** Opening Collected material block **

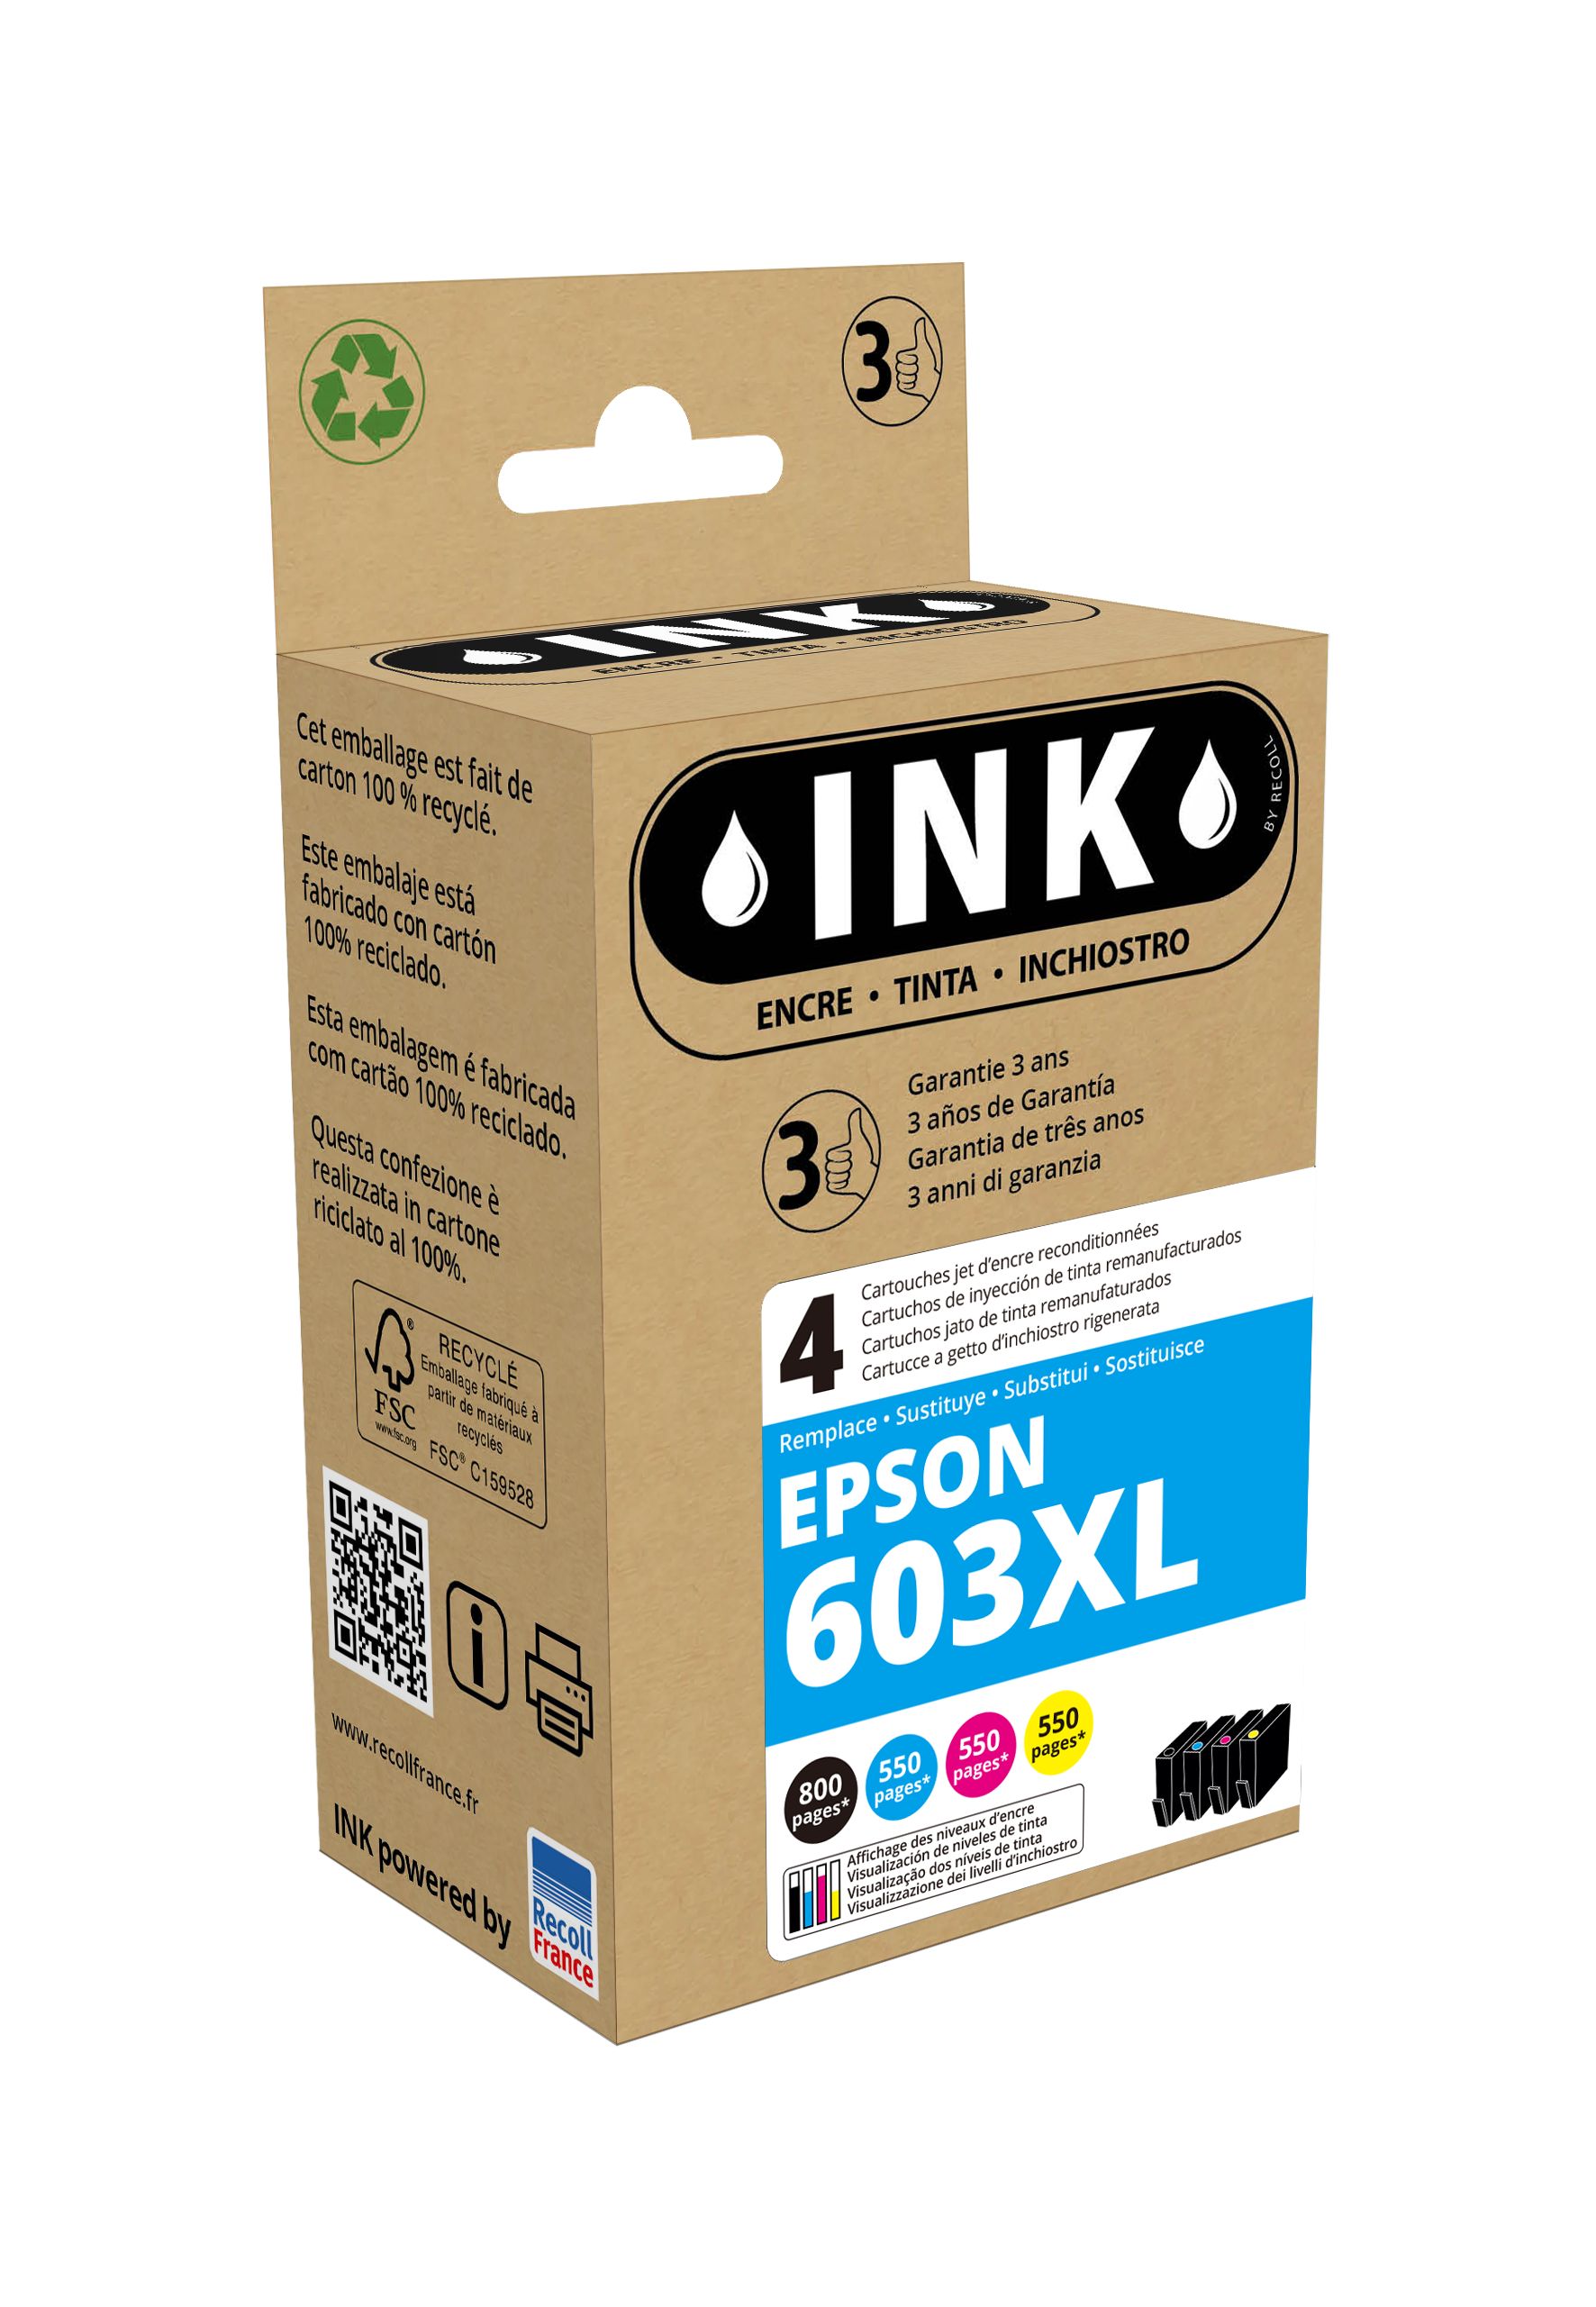 Cartouche compatible Epson 603XL Etoile de mer - pack de 4 - noir, cyan,  magenta, jaune - ink
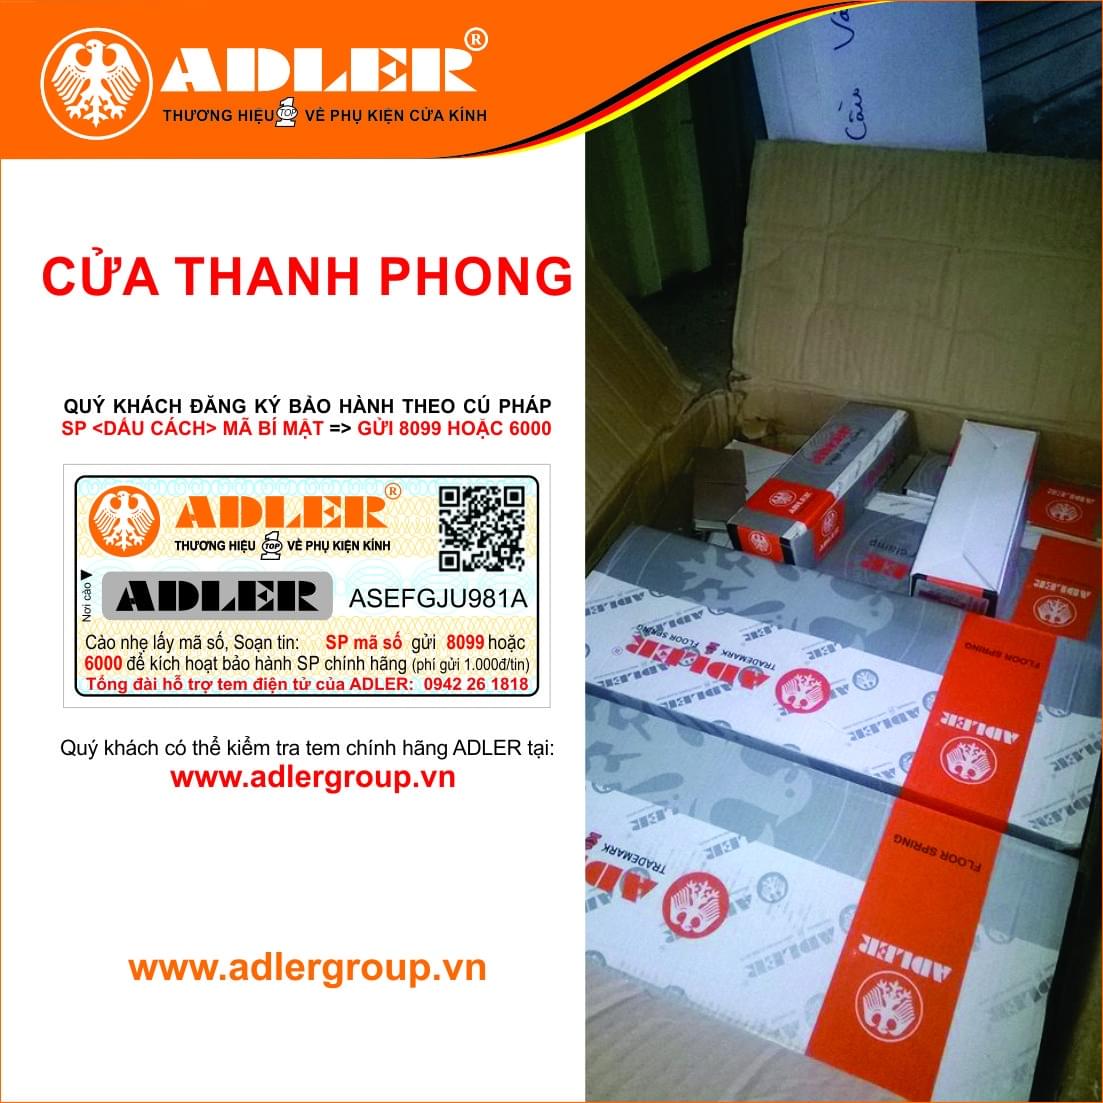 Cửa Thanh Phong luôn lắp đặt đồng bộ sản phẩm ADLER
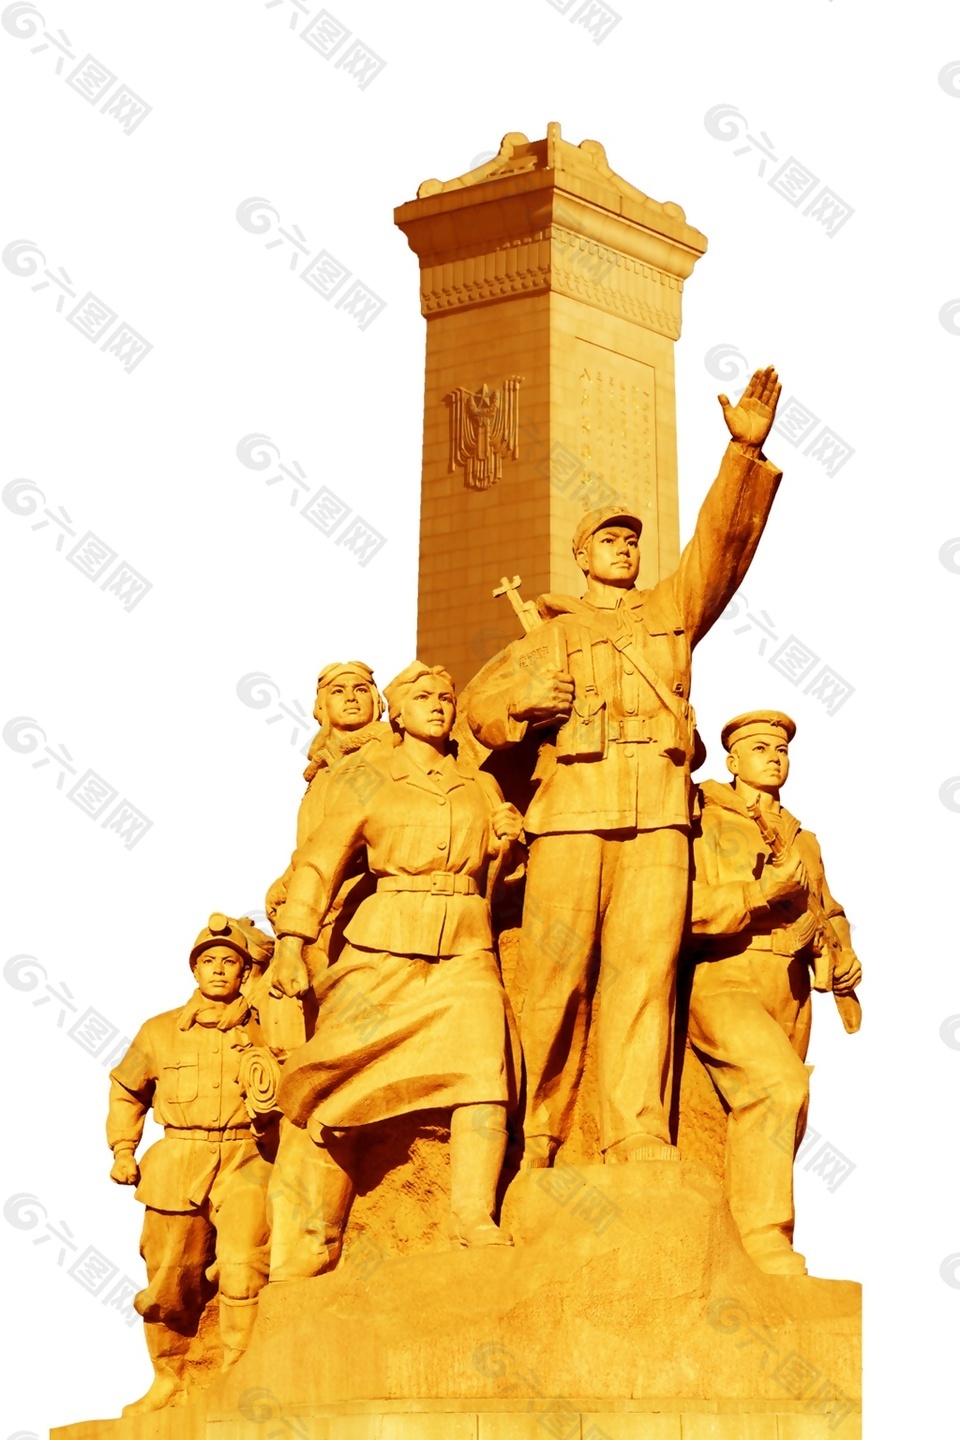 八路军人物雕像元素

** Closing Collected material block **

- **What is being asked**: What is needed is the data above, retyped exactly, with every picture left out.

- **Output of the task**:
 Cartouche compatible Epson 603XL Etoile de mer - pack de 4 - noir, cyan,  magenta, jaune - ink
 Cửa Thanh Phong luôn lắp đặt đồng bộ sản phẩm ADLER
 八路军人物雕像元素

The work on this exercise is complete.